Publicación:  viernes 14 mayo 2021   |  Escuchar Audio  Escuchar Audio |  Enviar a un amigo Enviar a un amigo



Pero ahora en Cristo Jesús, vosotros que en otro tiempo estabais lejos, habéis sido hechos cercanos por la sangre de Cristo…
...porque por medio de él los unos y los otros tenemos entrada por un mismo Espíritu al Padre.
Efesios 2:13 y 18


Reflexión

Un joven soldado de la Unión perdió al hermano mayor y al padre en la batalla de Gettysburg. El soldado decidió ir a Washington, con la intención de entrevistarse con el presidente Lincoln y pedirle que lo exceptuara del servicio militar, para poder volver a su casa y ayudar a su madre y a su hermana en las labores agrícolas.

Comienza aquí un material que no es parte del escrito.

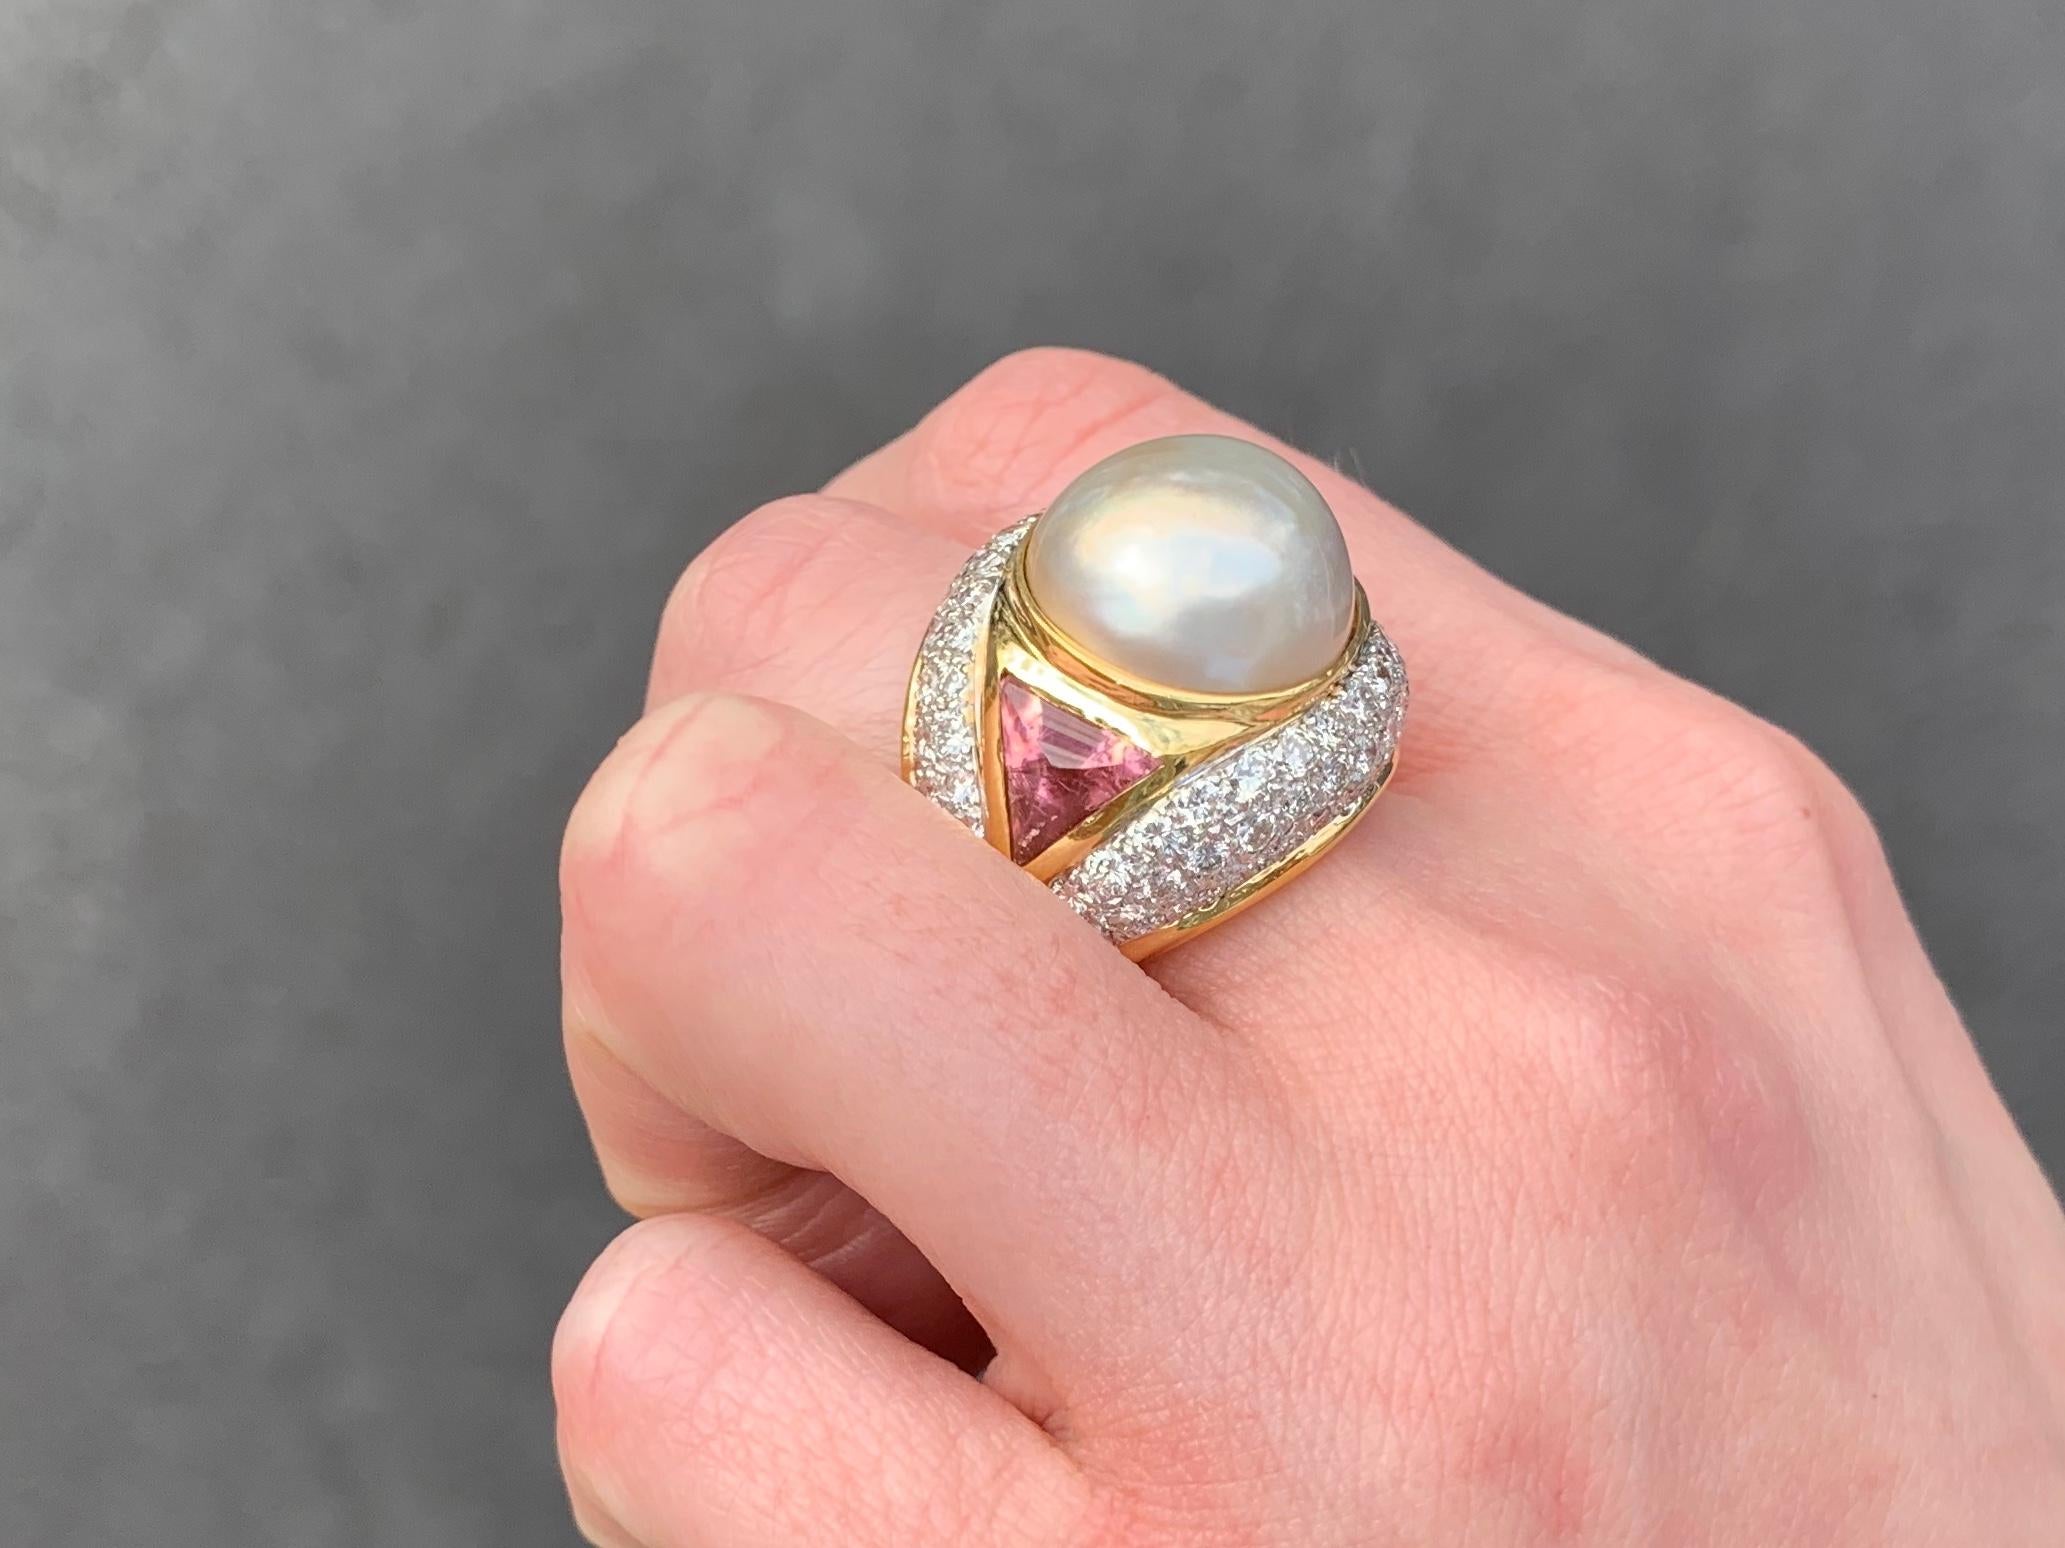 18 Karat Diamond, Pearl and Gemstone Cocktail Ring For Sale 4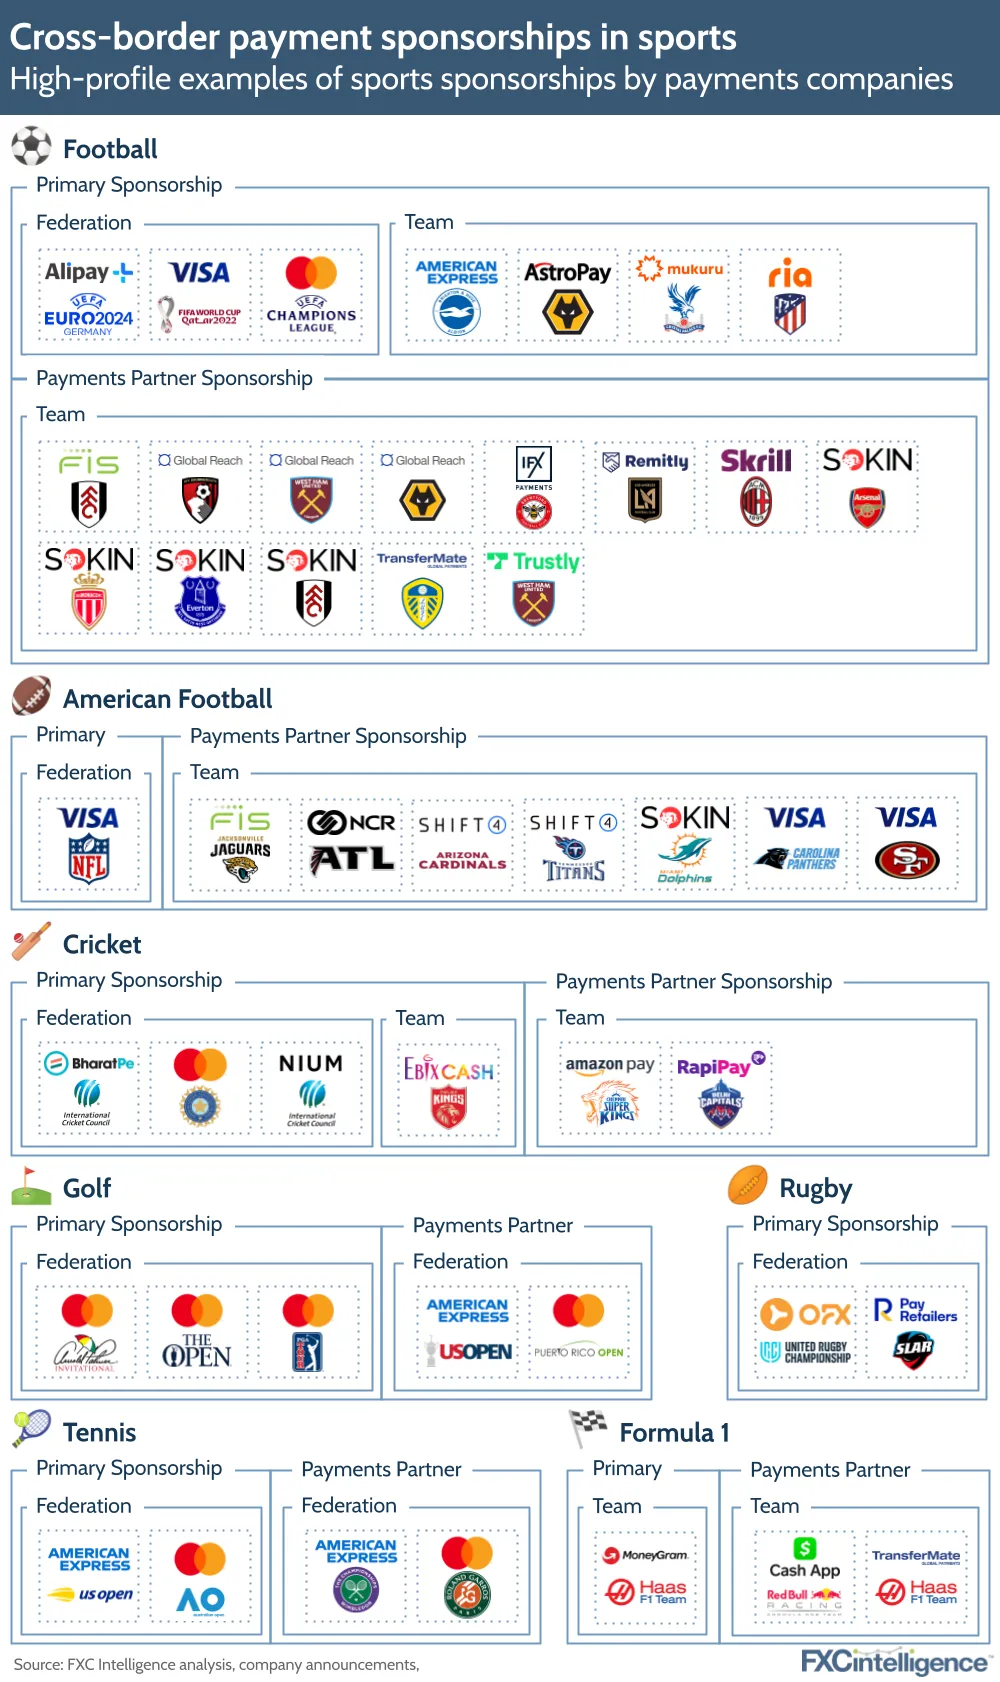 Cross-border payment sponsorships in sports: high profile examples

El guardia que estaba de turno en la Casa de Gobierno le comunicó que no podía ver al Presidente, ya que estaba muy ocupado. Le ordenó que se fuera y volviera al campo de batalla.

Desilusionado, el soldado se sentó en un banco de la plaza cercana de la Casa Blanca. Allí estaba, sin saber qué hacer, cuando se acercó un niño adonde estaba y viéndolo triste, le preguntó qué le ocurría. El soldado le contó su historia.

-Yo puedo ayudarlo -sentenció el muchachito, conmovido.

Tomando la mano del soldado, lo llevó de vuelta al portón de la Casa Blanca. Aparentemente el guardia no los vio, pues no fueron detenidos. Caminaron directamente hasta la puerta del frente de la Casa Blanca y entraron. Allí dentro, pasaron delante de generales y oficiales, pero ninguno dijo una palabra. El soldado no entendía lo que sucedía.

Finalmente, llegaron al Salón Oval, donde el Presidente estaba trabajando. El muchachito simplemente entró, conduciendo al soldado. Detrás del escritorio, estaban Abraham Lincoln y el Secretario de Estado examinando planes de batalla. El Presidente miró al niño y luego al soldado, y dijo:

- Buenas tardes, Todd.  ¿Puedes presentarme a tu amigo?

Y Todd respondió:

- Papá, este soldado necesita hablar contigo.

El soldado le hizo el pedido al presidente Lincoln y allí mismo obtuvo la licencia que necesitaba.

Mis queridos hermanos y amigos, recordemos que nosotros también tenemos acceso al Padre celestial por medio de su Hijo, Jesucristo.  Él es nuestro intercesor y podemos ir a su presencia en cualquier momento del día… así como el soldado.